Peter Voss [00:42:19]:
So generally, if I have to think back, one of the biggest regrets I have is I started my first company at 25 and I wish I'd started it earlier because there's nothing like actually being a co founder or being responsible for a company and actually doing that and gaining that experience. And it's not for everyone. It's brutal. It's brutal starting a business and the ups and downs. You have maybe an occasional company that started where it's all plain sailing from the get go, but usually it isn't. Usually it's brutal.

Manav [00:42:58]:
It is.

Peter Voss [00:42:59]:
So the sooner you can learn the dynamics of a company, the marketing, finding partners, employees, customers, all of that, learn that. My biggest advice, just go out and do it. And if you can find a good partner, it makes it a lot easier. If you have the technical person and you have a salesperson, usually these are very different personalities. The person who loves to go out and talk to people and schmooze at parties and whatever finds the investors. Yeah, that's a certain kind of personality. And it's extremely valuable to have in a partnership.
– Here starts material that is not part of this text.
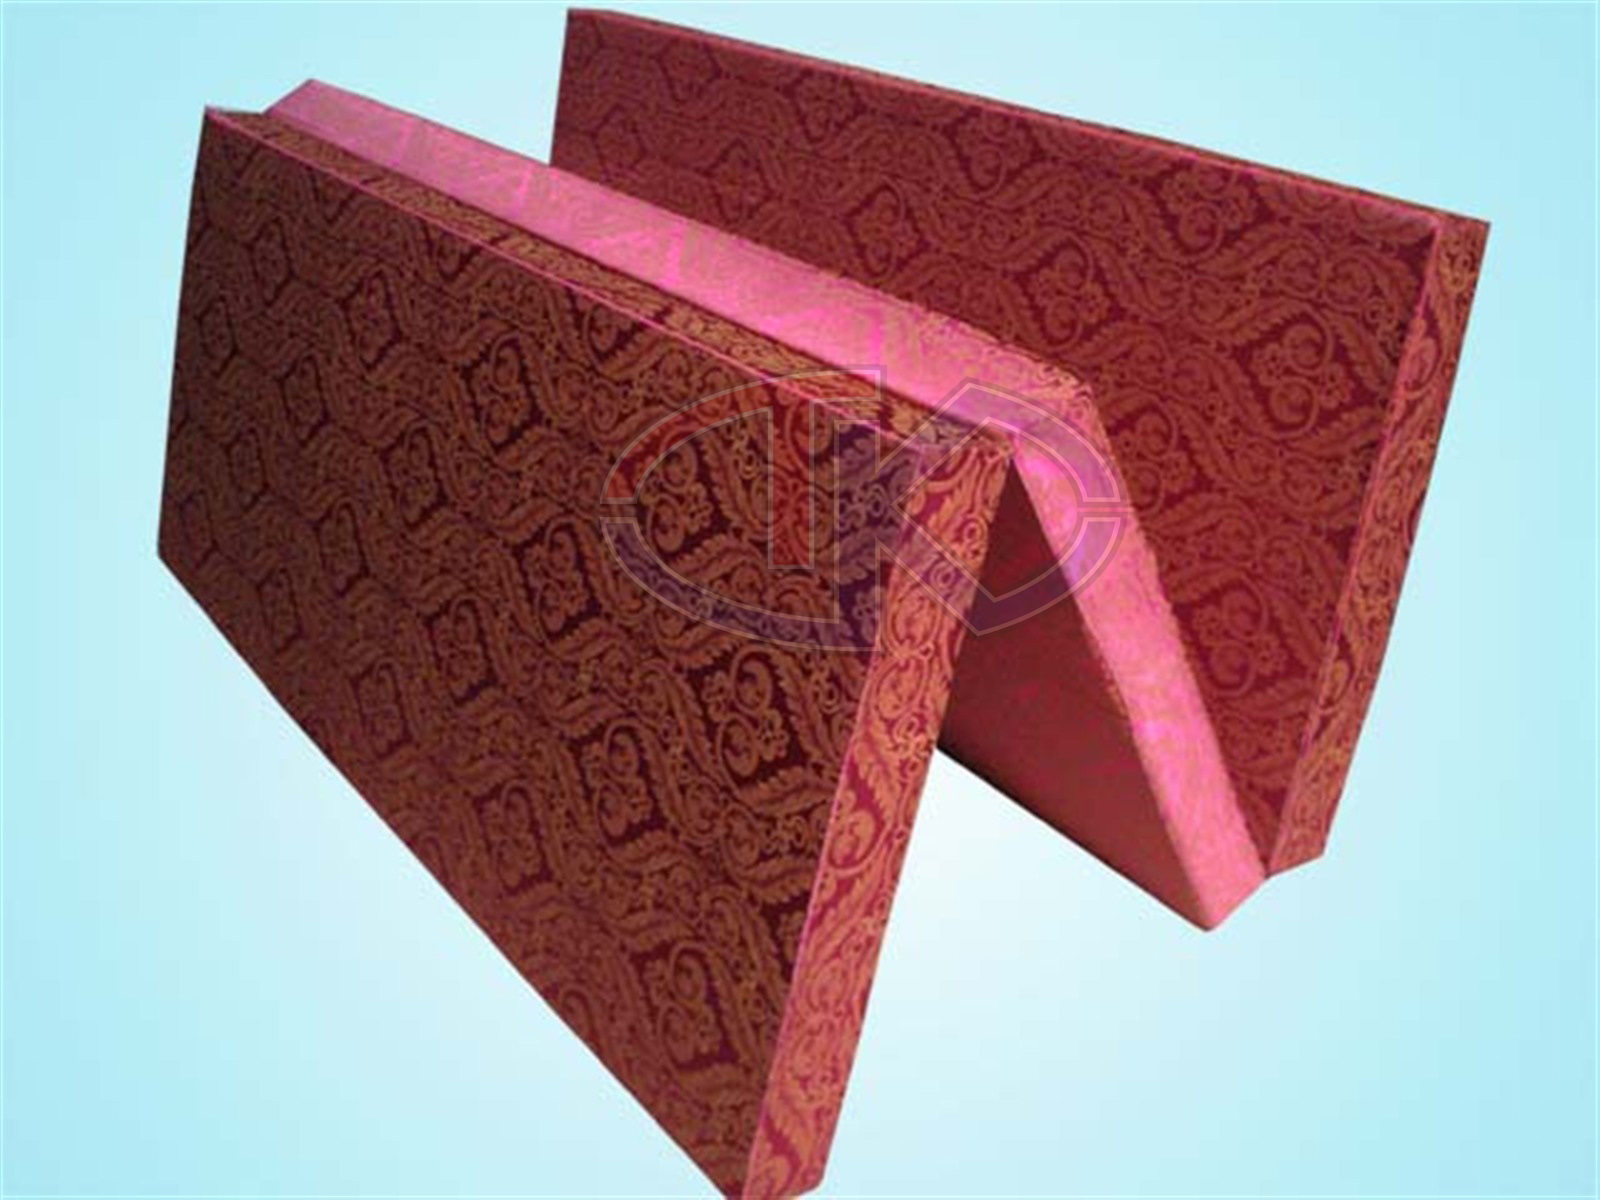 foam mattress manufacturers in coimbatore

And then you have potentially the money, the accountant or manager or manager type and then technical person. But it makes it a lot easier if you can find it. Obviously it's always risky. So you need to think about how a divorce would work if it doesn't work out. Yeah. Because sometimes dynamic just doesn't work out. But if you can find a partner or two, it makes it a lot easier to run a business. It really does.

Manav [00:44:01]:
And I can also tell that you read a lot just from the way you talk. What some books you would recommend to people. Like what are some books you give to other people? Or some books that have changed your life.

Peter Voss [00:44:13]:
Yes, they could be technical books. There are so many books. I literally have actually. When I sold the shares of my first company that I took public, I took off five years just to study intelligence. All different aspects in philosophy, cognitive psychology and child development, psychometric tests and AI. And so I read a lot of books then one of the books that always comes to mind is Douglas Hofstadter. The Mind's Eye is a collection of short stories, which is a futuristic, really very cool stories on different ways of thinking. Thinking about what intelligence is, what identity, what personality. If we could teleport or if we could clone ourselves, who would we be? And really some neat, very neat stories. Yeah, that's probably the first one that comes to mind.

Manav [00:45:04]:
It was great having you, Peter. How can people find you and what you're building? Can you tell them, guide them in the right direction? I know the website is Igo AI, but how can they find you?

Peter Voss [00:45:14]:
Yeah, very easy, Peter Voss. And I'm on LinkedIn. Very easy to find. Also, you can email me, Peter Igo. AI. I'm on Twitter x. Yeah, between the website and LinkedIn and Twitter, you can easily find me.

Manav [00:45:30]:
Thank you, Peter, for coming on the show. I really appreciate your time.

Peter Voss [00:45:33]:
All right, well, thanks for good questions.